'NSYNC's Lance Bass Still Looking To Blast Off

Singer spends week talking to kids about importance of studying math, science so they could become astronauts one day.

Two years after he was shot down, Lance Bass has not given up on his dream to go into space, nor does he want anyone else to give up their dreams, either.

The 'NSYNC singer spent the last week, World Space Week, talking to Los Angeles schoolchildren about the importance of studying math and science so that they could potentially become astronauts one day.

"It's nice to talk to kids who really look to the future," Bass said. "And this helps keep them interested."

As a youth spokesperson for World Space Week, Bass visited a number of schools, including the Science Center School, a new elementary school in Los Angeles. Last year, he visited schools in Houston, where he had completed the NASA portion of his training in 2002 to prepare to be a cosmonaut for the Russians.


Click for photos of Lance Bass' school visits during Space Week

"I tell them that it's more and more likely that they'll be able to go into space, that it can happen during their lifetimes," Bass said. "But I try to impress upon them the importance of an education first."

Not only are math and science critical, he tells the students, but so is learning about other cultures and other languages, like when he had to study Russian as part of his training. To encourage them to find the work fun, he unveiled a student competition called Lance's Lab, which challenges students to design a module for the International Space Station in which he could live and work.
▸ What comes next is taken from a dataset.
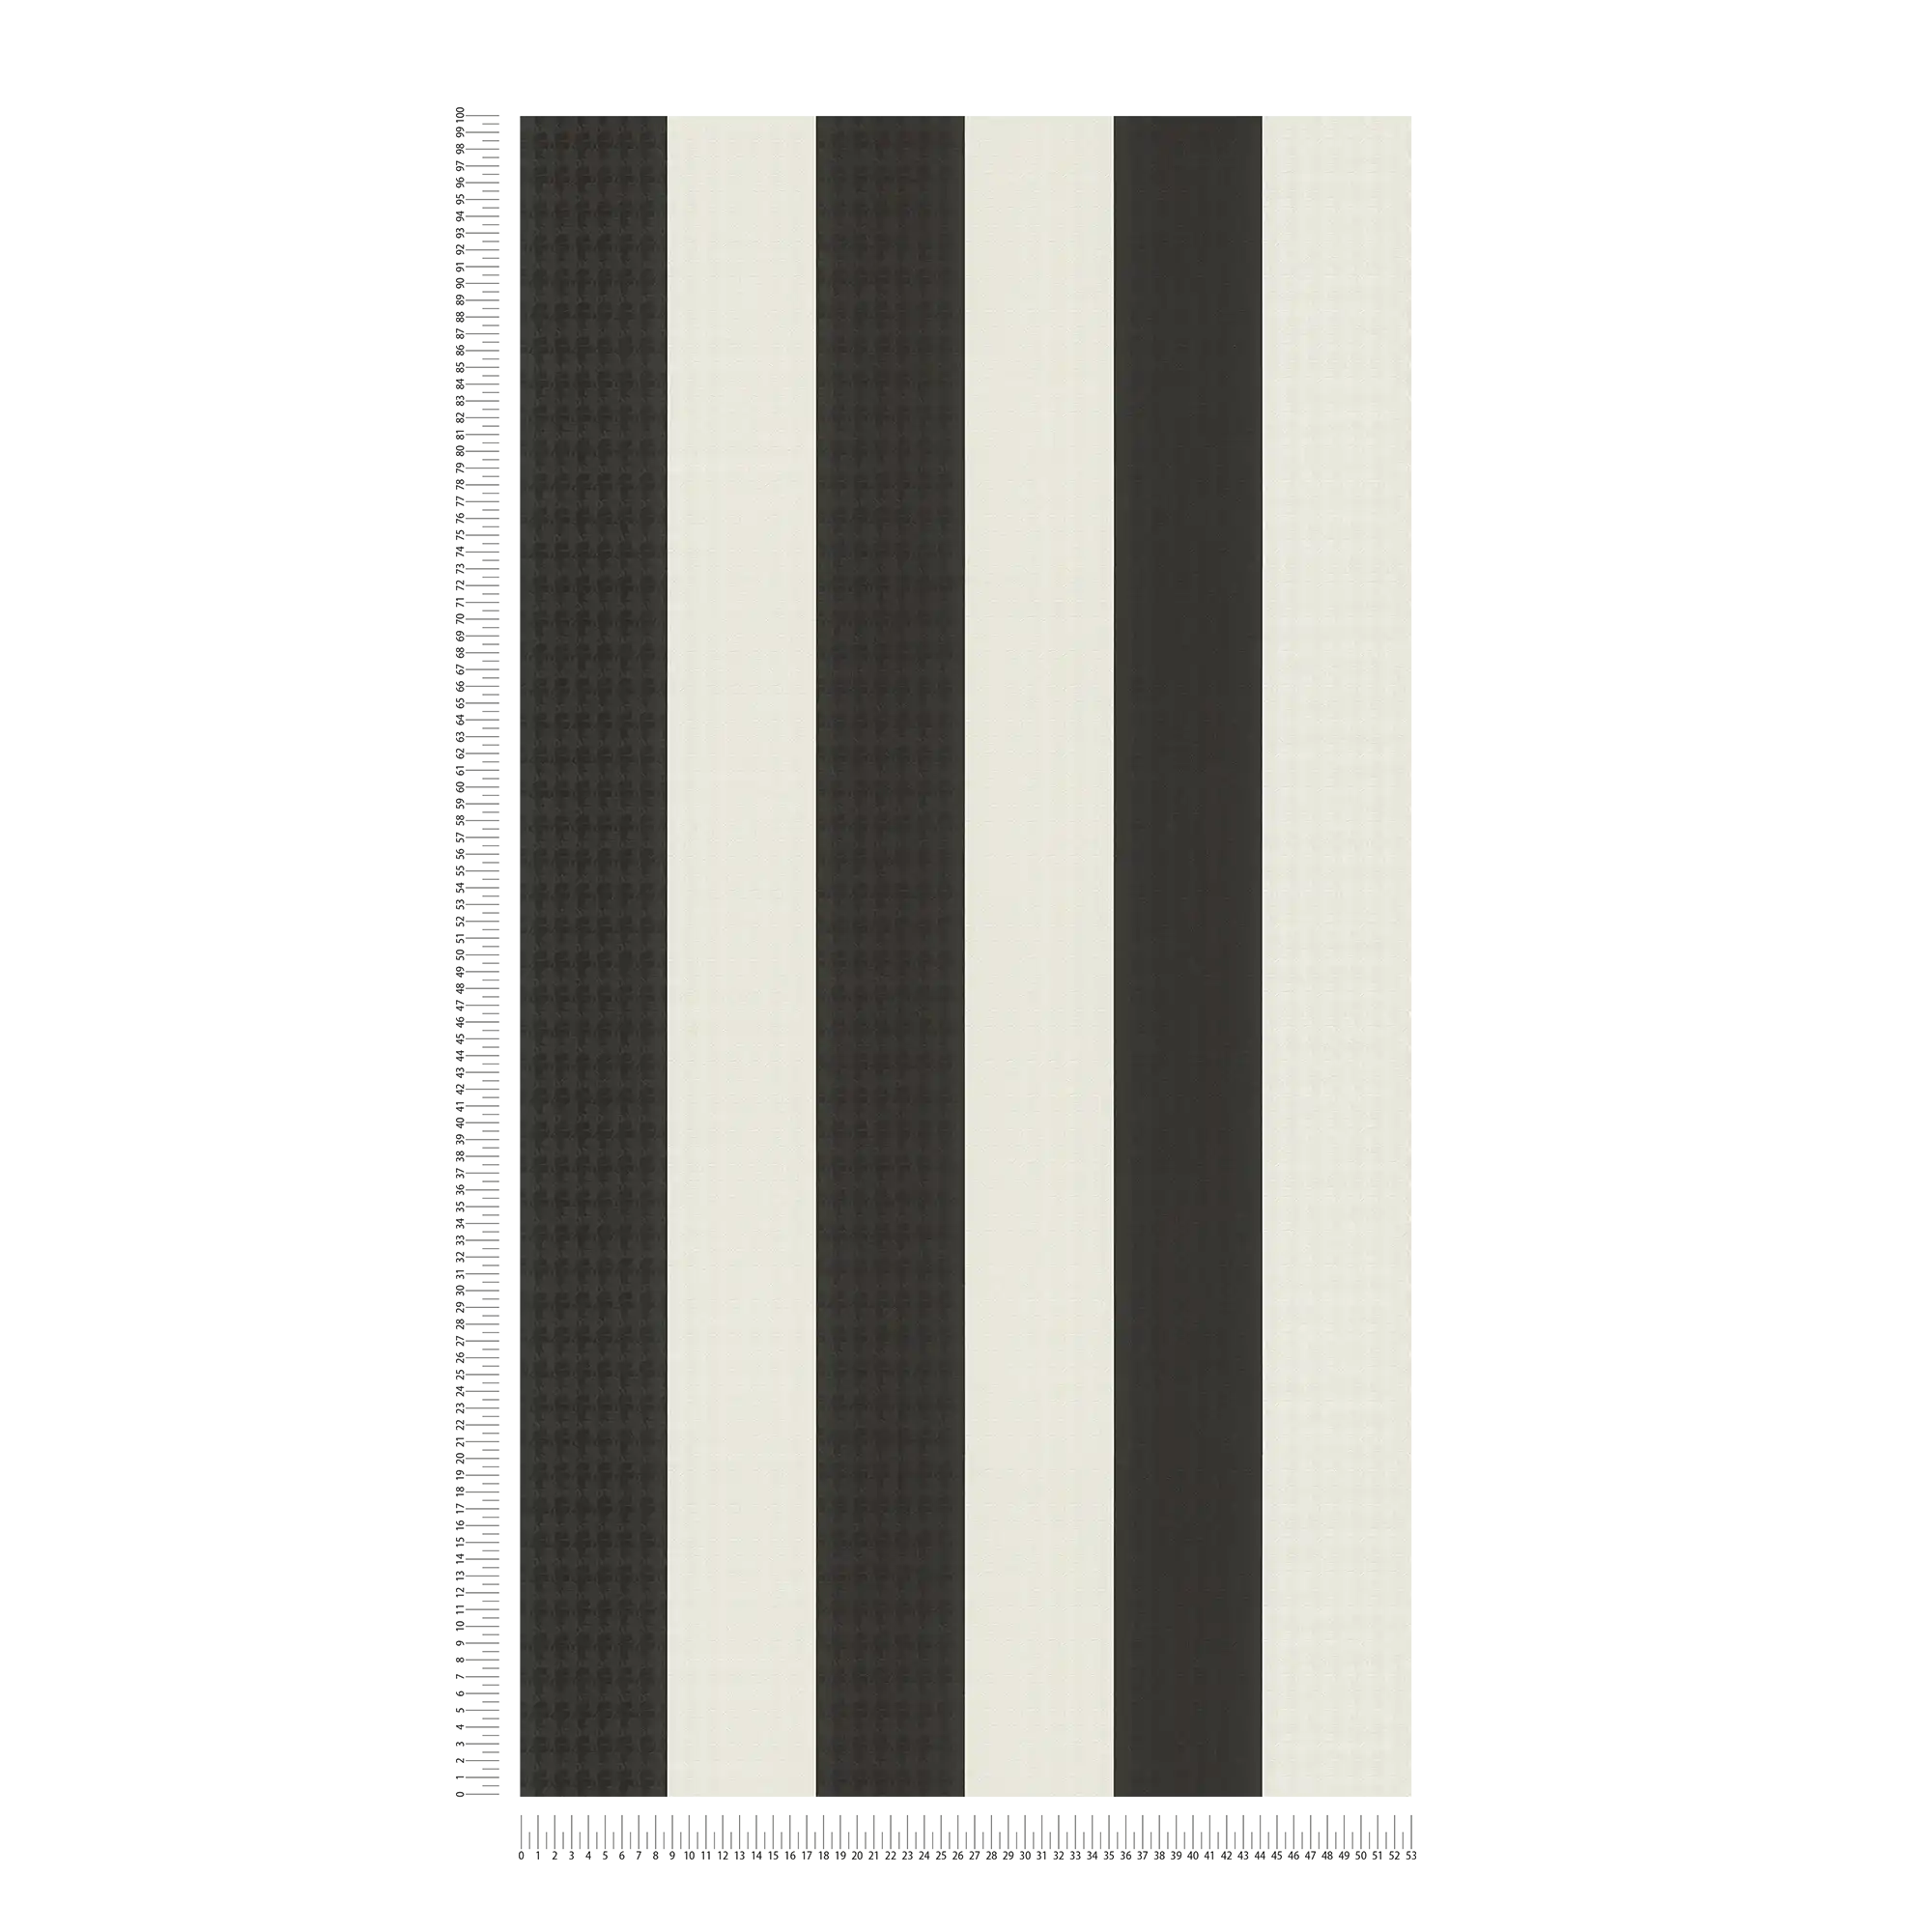             Papier peint Karl LAGERFELD rayures & motifs texturés - noir, blanc

Contest winners will meet Bass at an awards ceremony next year. "One of the students wondered if my voice would sound different in space, so they wanted to design a recording studio and see if I would do a song up there," he said. "They come up with all kinds of stuff."

Bass might even have the opportunity to use some of the students' ideas — he's still working out a financial plan that would allow him to go up into space, though it won't be the same television producers partnering with him that he had before. He won't disclose the details, for fear of repeating what happened the last time, when publicity partially undermined his efforts (see "Looks Like Cargo, Not Lance Bass, Will Be Shot Into Space"), but he does say this — he's got more of a chance to go now than ever.

"The process isn't as difficult," Bass' former race-to-space competitor Lori Garver said. "The Russians are always interested in flying commercial passengers who can pay for the trip, pass the medical examinations and train for the experience. The question for programs like mine and Lance's is that of raising the funding through partnerships and sponsorships. There is no question in my mind that Lance and I, as well as thousands of others, will have our dreams fulfilled by going to space."

For now, though, Bass is content to answer the schoolchildren's questions: Are there aliens? What does zero-gravity feel like? And will he ever go into space?

"They think I have all the inside info," he said. "And maybe someday, I will."